Syntax highlighter

2013-07-14

Why does this call/cc go into infinite loop?

I've found interesting call/cc stuff in Chaton's Gauche room (this)

The code is this one;
(let ((x 0) (cc '())) 
  (set! x (+ x (call/cc (lambda (c) (set! cc c) (c 1)))))
  (if (< x 4) (cc 2) x))
As far as I investigate, Chez, Chicken, Mosh, Sagittarius and Ypsilon went infinite loop. Chibi and Gauche returned 5. Well I'm not a guy from continuation world so I can't say which is correct. However if the call/cc is located to left hand side, then it won't be infinite loop.
;; This returns 5
(let ((x 0) (cc '())) 
  (set! x (+ (call/cc (lambda (c) (set! cc c) (c 1))) x))
  (if (< x 4) (cc 2) x))
It seems the order of evaluation so I can probably get the answer.

I don't know about other implementations but Sagittarius so following guess is based on its call/cc implementation.

On Sagittarius, continuation is stack and it contains return address. So call/cc captures arguments and return address. Following is the image;
#first one
before call/cc
 +----------+
 |   cont   |
 +----------+ <- captured
 |   pc(+)  |
 +----------+
 |    x=1   | *1
 +----------+
 | pc(set!) |
 +----------+

#second one
before call/cc           after call/cc
 +----------+             +----------+
 |   cont   |             |    x     |   
 +----------+ <- captured +----------+
 |   pc(+)  |             |   c(1)   |
 +----------+             +----------+
 | pc(set!) |             |   pc(+)  |
 +----------+             +----------+
                          | pc(set!) |
                          +----------+

NOTE: pc is return address, cont is call/cc's argument. 
      Stack is growing upwards.
Well it's already obvious but I will describe just in case.The point is *1. The first one, the x is not a box means it's mere value (in this case 1). Then call/cc will capture the stack with the value. So the second call of (cc 2) will always be addition of 1 and 2. Thus it will never be greater than 4. On the other hand, the second case, stack doesn't have x yet so that VM will always compute what is inside of the box (x).
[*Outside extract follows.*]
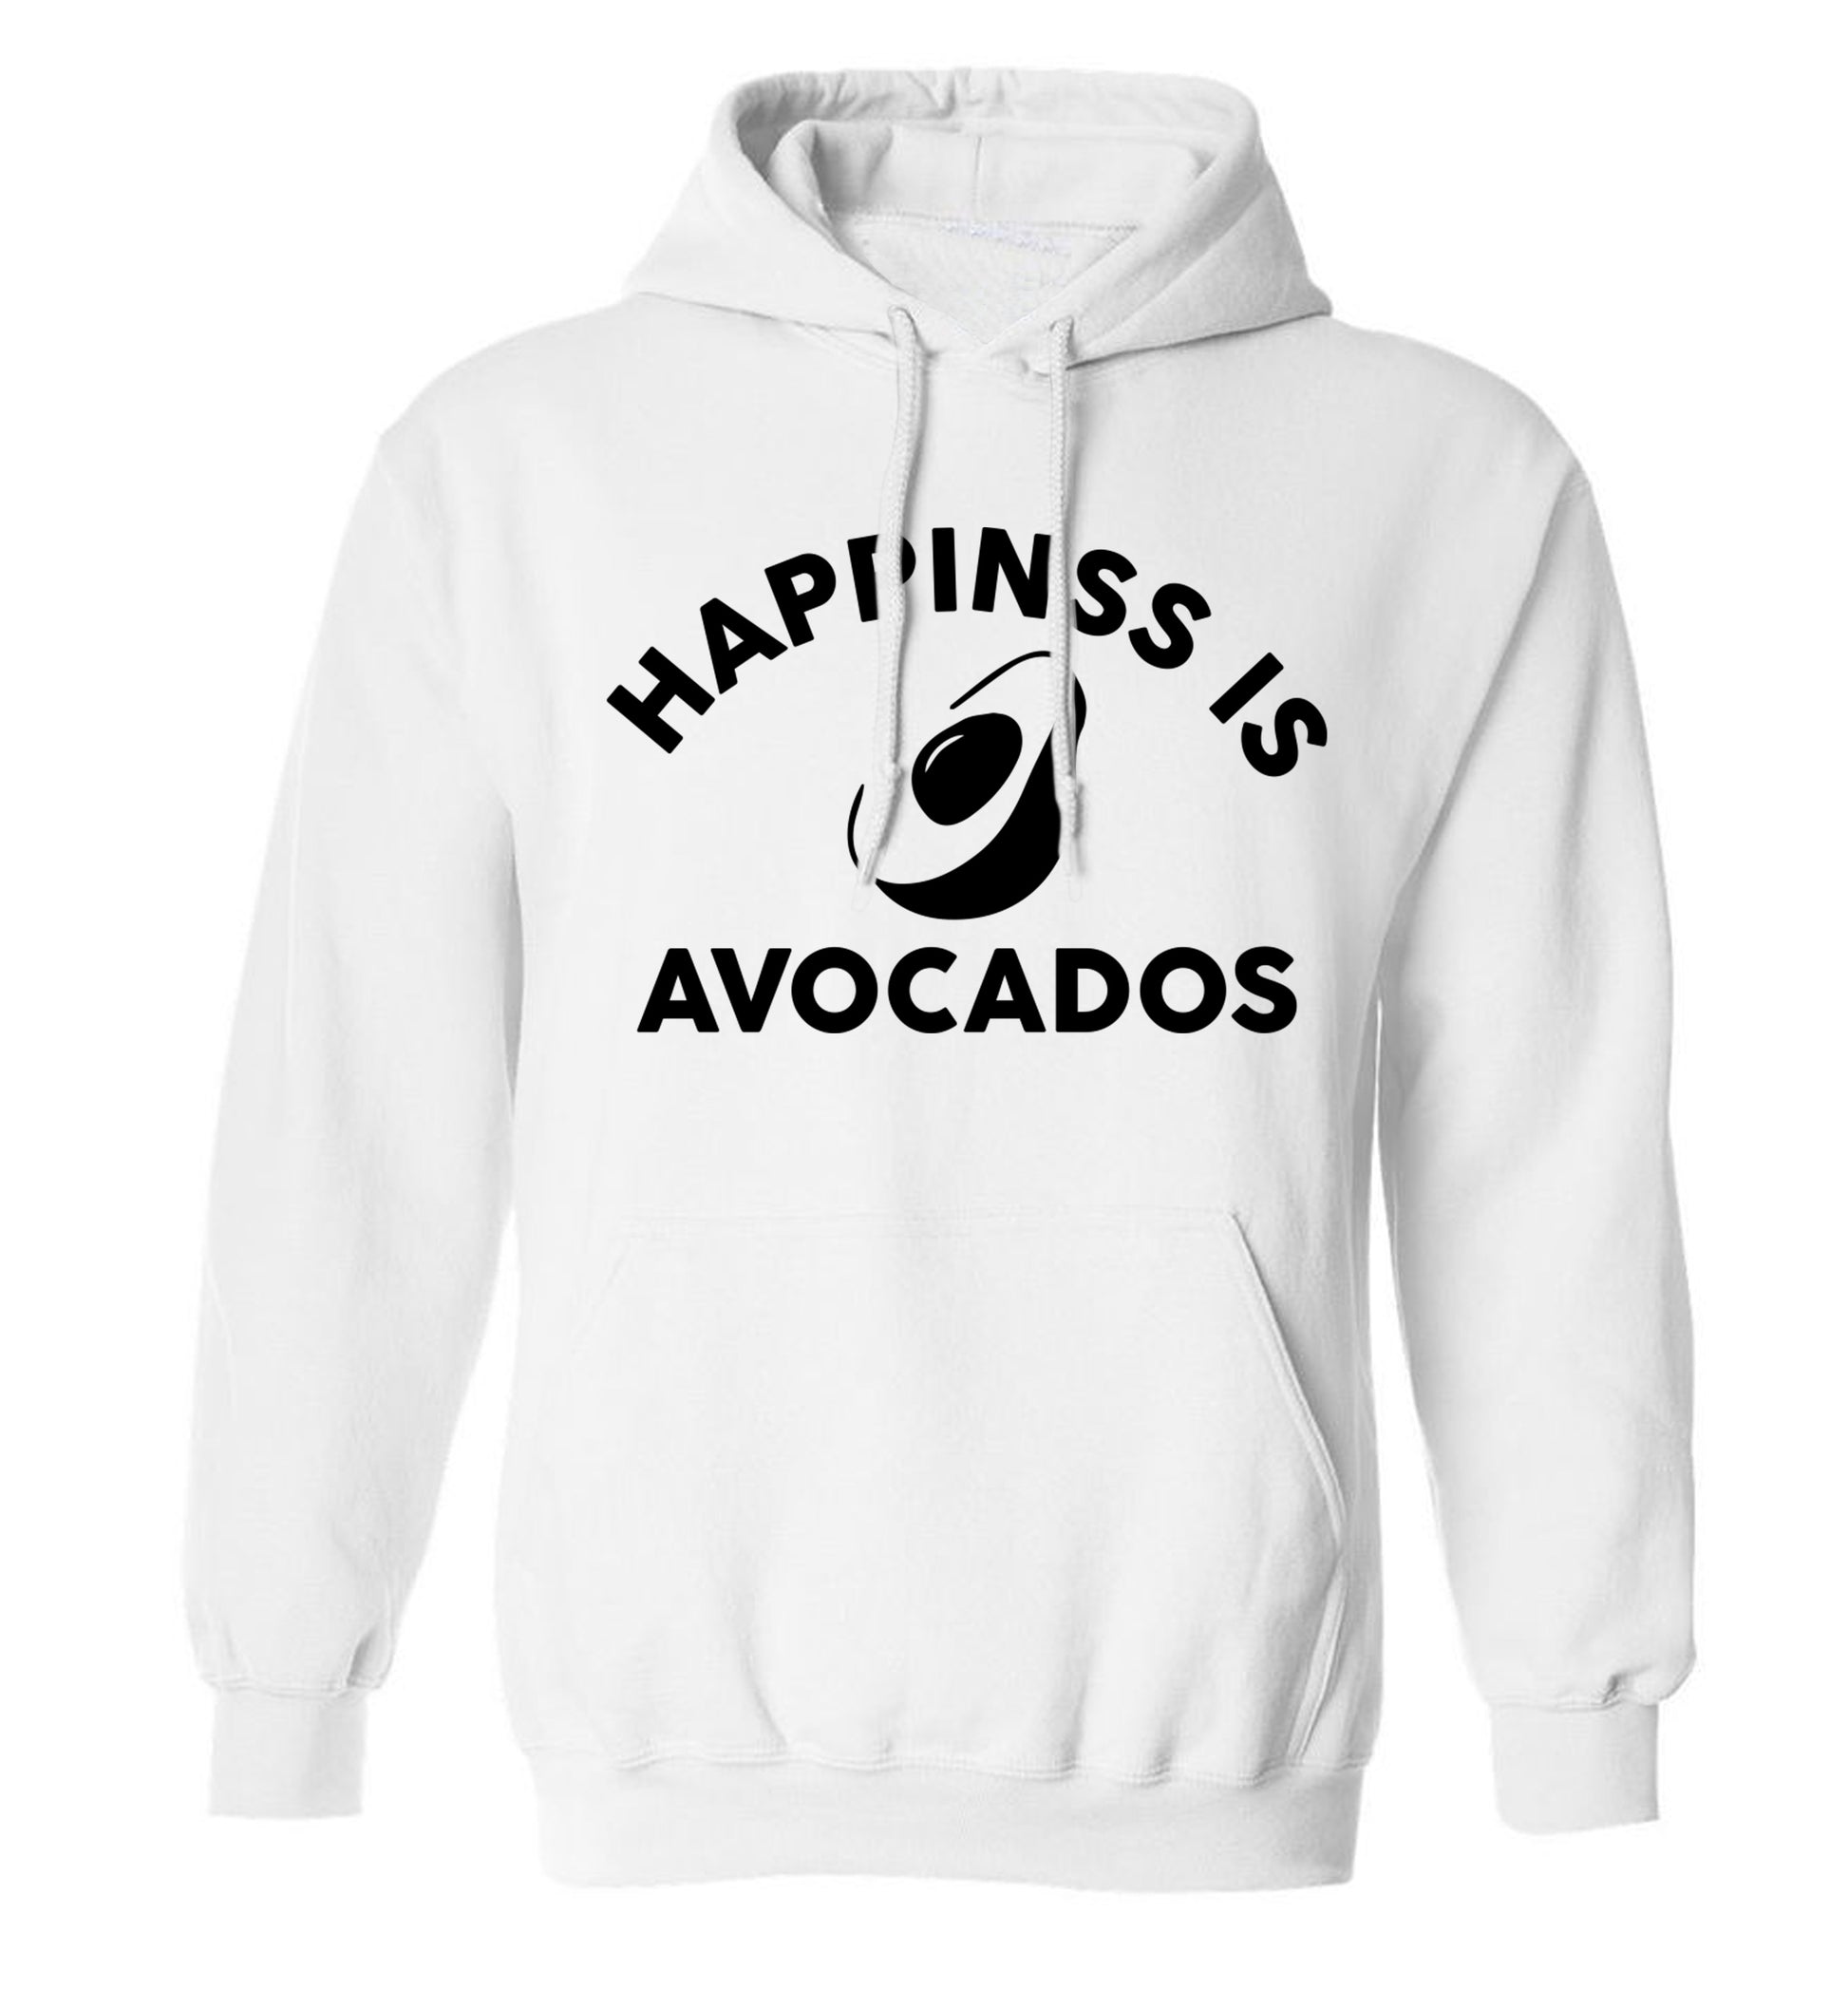 Happiness is avocados adults unisex white hoodie 2XL

Then (cc 2) will always compute the value of x and 2.

I think implementations caused infinite loop are using the similar method to implement call/cc as Sagittarius and Chibi and Gauche use something different. And again, I'm not the those guys from continuation world, so can't say which is correct or not but as my understanding both can be correct and this case is sort of edge case of call/cc.

2 comments:

grant rettke said...

Racket also enters an infinite loop.

Taylan Kammer (old) said...

This is because Scheme DOES NOT SPECIFY THE ORDER OF EVALUATION of sub-expressions in a procedure-call expression. An implementation can do whatever it wants, so it may result in an infinite loop and that is not a bug.

Scheme does NOT even guarantee that the first sub-expression (the one which will return the procedure, through variable-reference or otherwise) will be evaluated first, so for example in

((get-procedure) (get-argument1) (get-argument2))
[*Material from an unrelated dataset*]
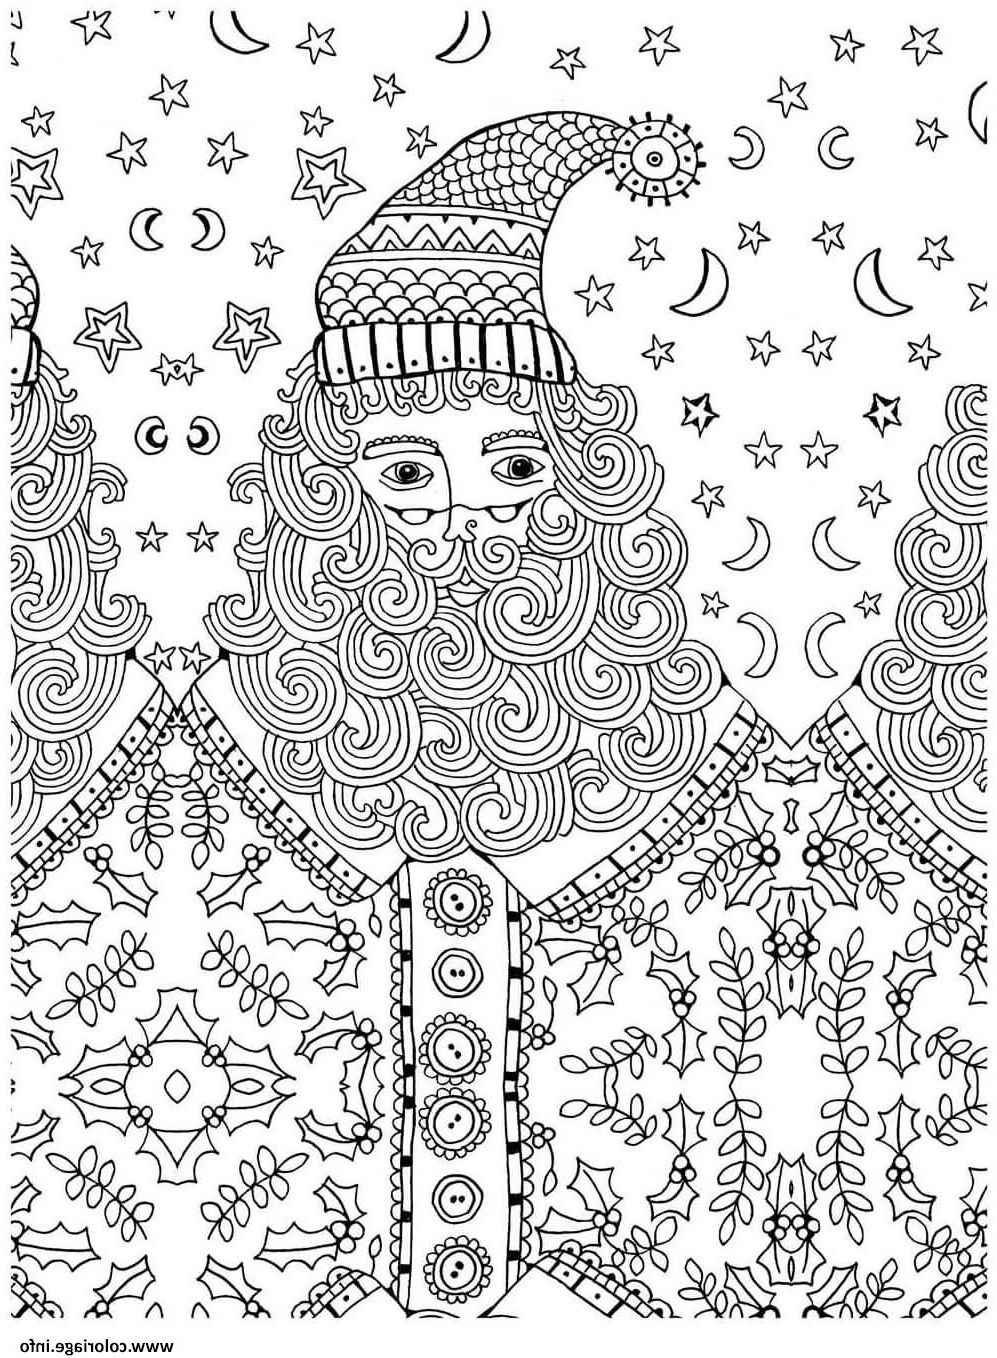 Coloriage Adulte Noel Cool Collection Coloriage Anti Stress Noel

it could call the procedures `get-argument2` and `get-argument1` before calling the procedure `get-procedure`. Or it could call them in ANY other order.

So in some implementations, when you do

(set! x (+ x (call/cc (lambda (c) (set! cc c) (c 2)))))

the `x` argument in the procedure-call to + is evaluated first (the variable referenced), and returns 0, and then in the captured continuation you're left with something like

(set! x (+ 0 <...>))

and then no matter how many times you call (cc 2), it will just result in

(set! x (+ 0 2))

and x will never become greater than 2! This is valid Scheme behavior, and not a bug. If the implementation chooses another order and evaluates the (call/cc ...) first, then the variable-reference expression `x` will reference the new value of x every time, and it will grow by 2 every time you call (cc 2), and it will return 5 and not loop infinitely. That is ALSO valid Scheme behavior. I think the standards don't even say that an implementation must choose the same order every time, it can choose a different order every time, and loop infinitely once then not loop infinitely the second time you try it!

Bottom line: don't rely on order of procedure-call sub-expression evaluation in Scheme, it is UNSPECIFIED. (This allows some optimizations in a Scheme compiler; there are ways to force the order explicitly when you really need that.)